Recent decisions by federal courts have blocked or limited key provisions of the Affordable Care Act. These verdicts have succeeded where efforts of the U.S. House of Representatives to derail the law have failed.
The U.S. Supreme Court set the stage for reshaping the ACA with decisions released in June 2012. A majority of the justices upheld the constitutionality of the individual mandate requiring most people to maintain a minimal level of health insurance beginning in 2014. By a 7-2 vote, the court rejected a suit that the entire ACA should be invalidated.
The most profound verdict by the court invalidated the ACA provision to expand Medicaid coverage. This section of the law required each state to expand its Medicaid program to cover persons earning up to 138 percent of the Federal Poverty Level (FPL). The federal government would pay the full cost of expansion for three years and then cover 90 per cent of the costs thereafter.
By a 5-4 vote, the Court ruled that Medicaid expansion was unconstitutional in that it coerced states to behave in a manner opposed by legislatures. This decision reduced from 17 million to 11 million the number of previously uninsured persons who would have been insured under the original ACA. Twenty-six states, including Kentucky and Arkansas, and the District of Columbia elected to expand their Medicaid programs. Each received federal support for the expansion.

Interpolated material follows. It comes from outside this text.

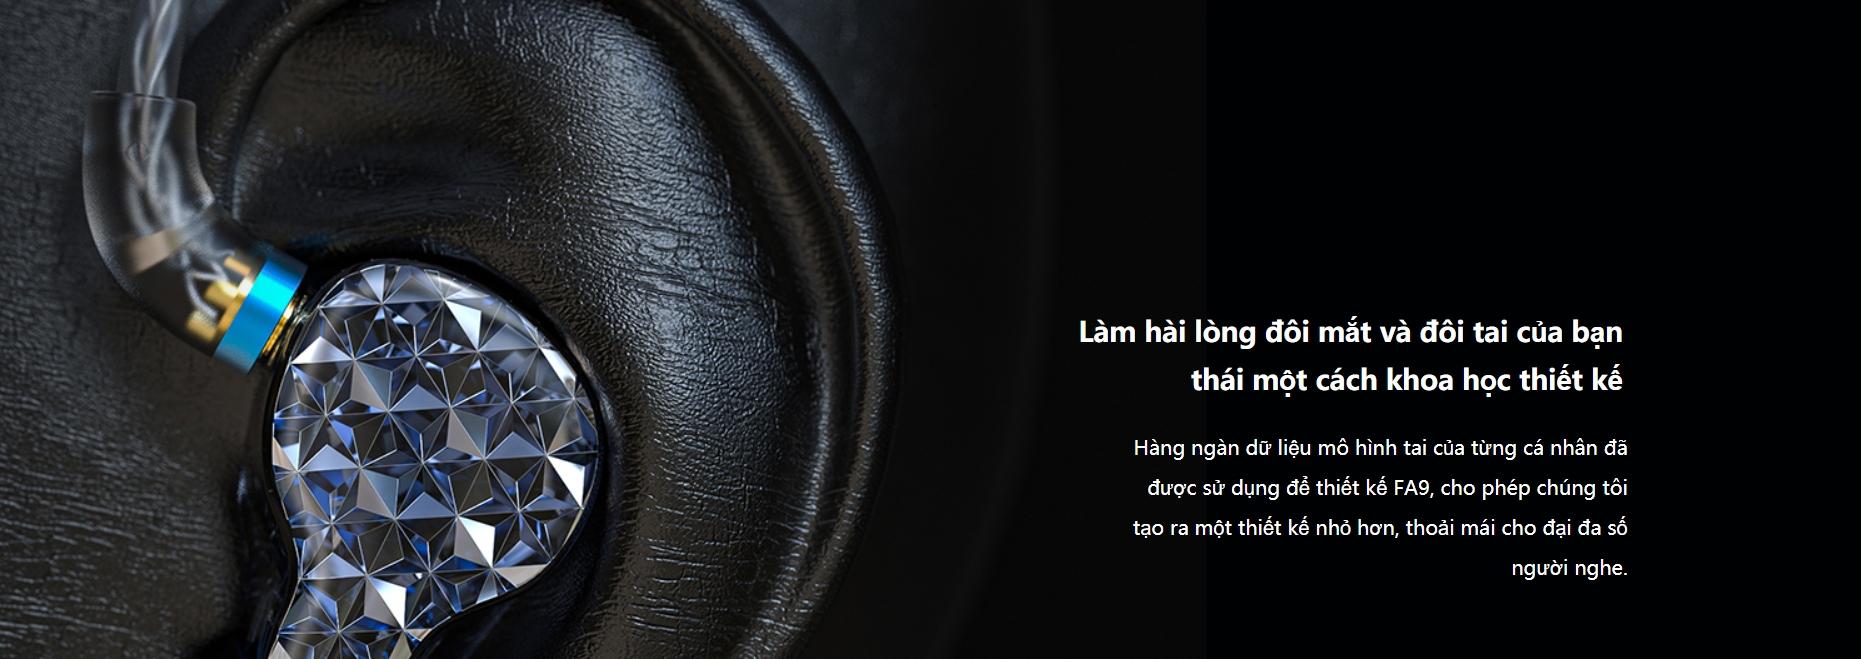 Tai nghe Fiio FA9 với 6 driver BA mới có công tắc điều khiển dải âm và trở kháng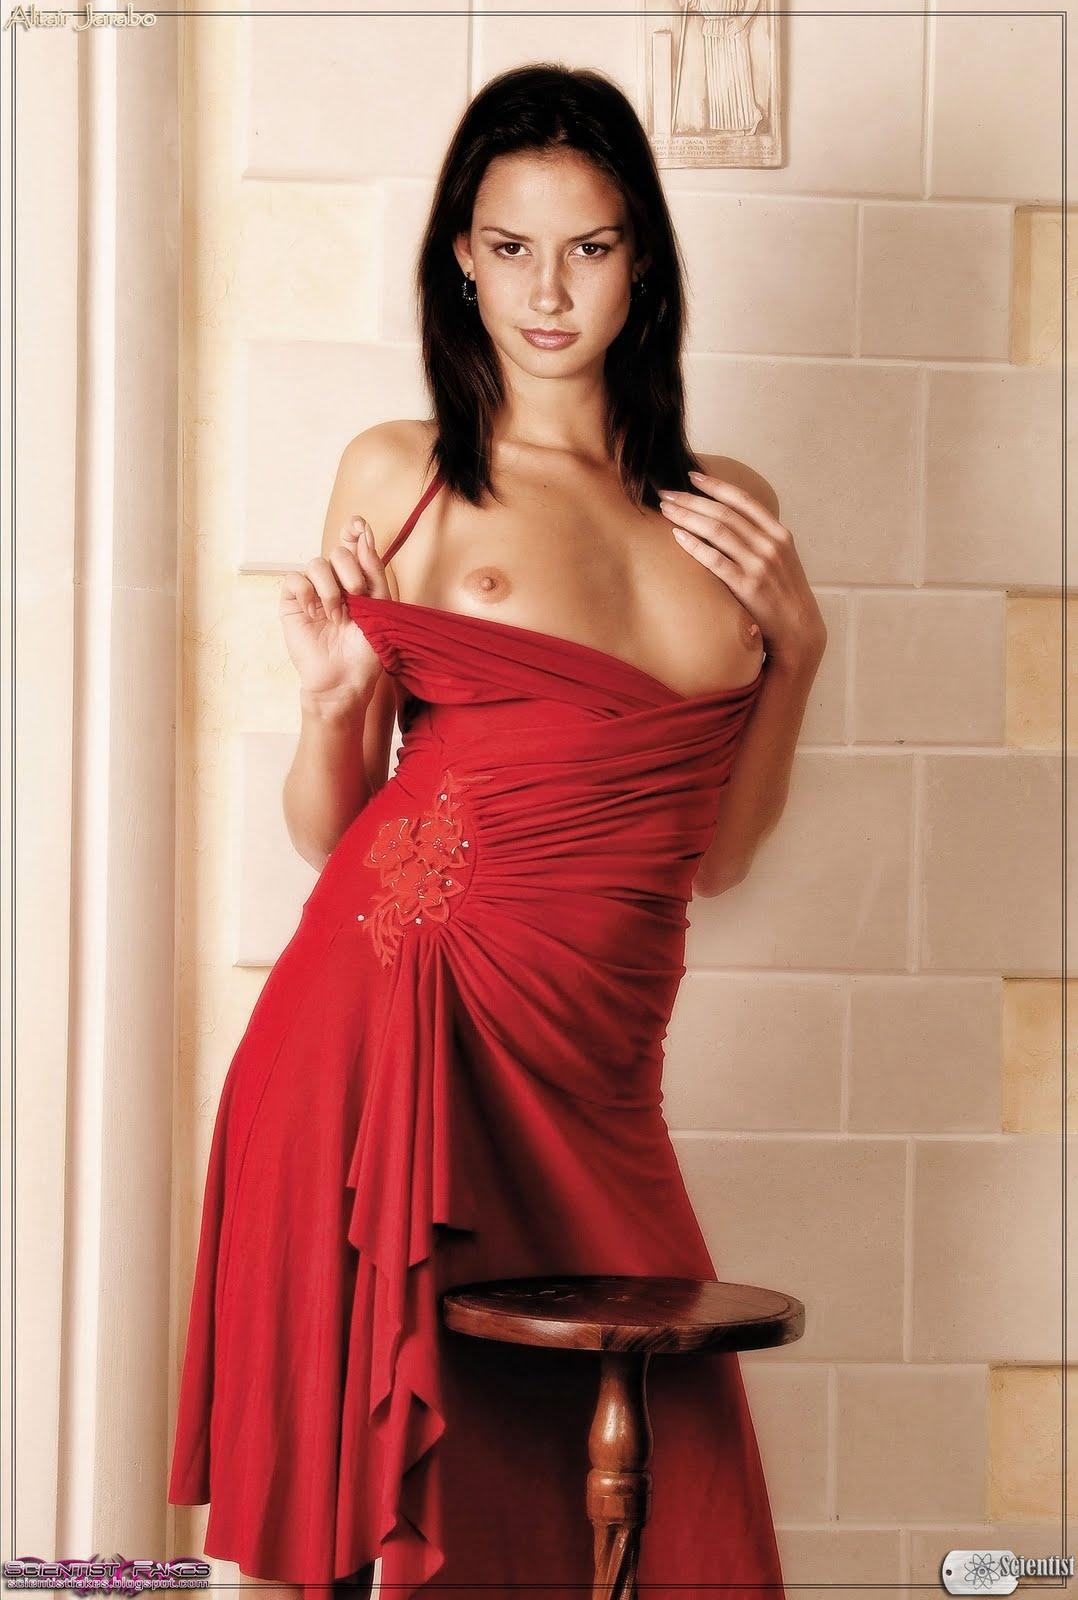 imagenes de alizo lozz desnuda

On June 29, the Supreme Court issued another 5-4 decision (Burwell vs. Hobby Lobby) that addressed ACA provisions that contraceptives should be included in health services available for women at no additional cost. The majority ruled that this requirement violated federal laws that protected the religious liberty of companies that were privately held by religious families. Under the ruling, birth control pills, intrauterine devices and morning-after pills did not have to be included as covered benefits for female employees of these two companies.
It is uncertain if this decision could be more broadly applied to privately held companies whose owners oppose blood transfusion or other medical therapies on religious grounds. In her dissent, Justice Ruth Ginsberg commented that this ruling extended religious liberty to for-profit companies.
Confusion abounded on July 22 when three judge panels of two federal Courts of Appeal reached contradictory opinions on the ACA's provision that the federal government would subsidize health insurance premiums for millions of Americans whose income fell below set levels of the FPL. The ACA provides for a sliding scale of support for persons earning up to 400 percent of the FPL to purchase health insurance from the federal insurance exchange or the exchanges operated by some states.
By a 2-1 vote, the Washington D.C. Circuit Court of Appeals struck down the provision for giving premium subsidies from states that rely on the federal insurance exchange. Should this ruling stand, an estimated 4.5 million Americans living in the 36 states that utilize the federal exchange would be affected. Two Republican appointees overruled one Democratic appointee.
But later in the day, the Fourth Circuit Court of Appeals in Richmond, Va., by a 3-0 vote, upheld subsidies as a "permissible exercise" of the exchange. Two of the judges were appointed by a Democratic president, one by a Republican president.
It is uncertain how this debacle will be addressed. The suits might be reviewed by the entire panel of judges in each circuit. Alternatively, the Supreme Court might take up the conflicting opinions.
These various suits represent concerted efforts to undo the ACA. At the Supreme Court level, Justices Antonin Scalia, Samuel Alito, Clarence Thomas and Anthony Kennedy have opposed various provisions to expand coverage under the ACA. Chief Justice John Roberts usually votes with this bloc.
Given the current makeup of the Supreme Court, what manner of health care reform would pass constitutional muster? Would a single-payer system, such as an expansion of Medicare, be approved? This structure places the federal government in the role of insurer with uniform regulations for covered services and pricing.
Or would the court approve matching federal funds for individual states to devise their own health care benefits? Massachusetts currently operates a successful program upon which many provisions of the ACA are based. Vermont is building a single-payer system. Could other states either replicate these plans or produce new mechanisms for providing universal access to health care?
What is on the mind of the Supreme Court justices as they ponder health care reform? Tens of millions of uninsured Americans would like to know.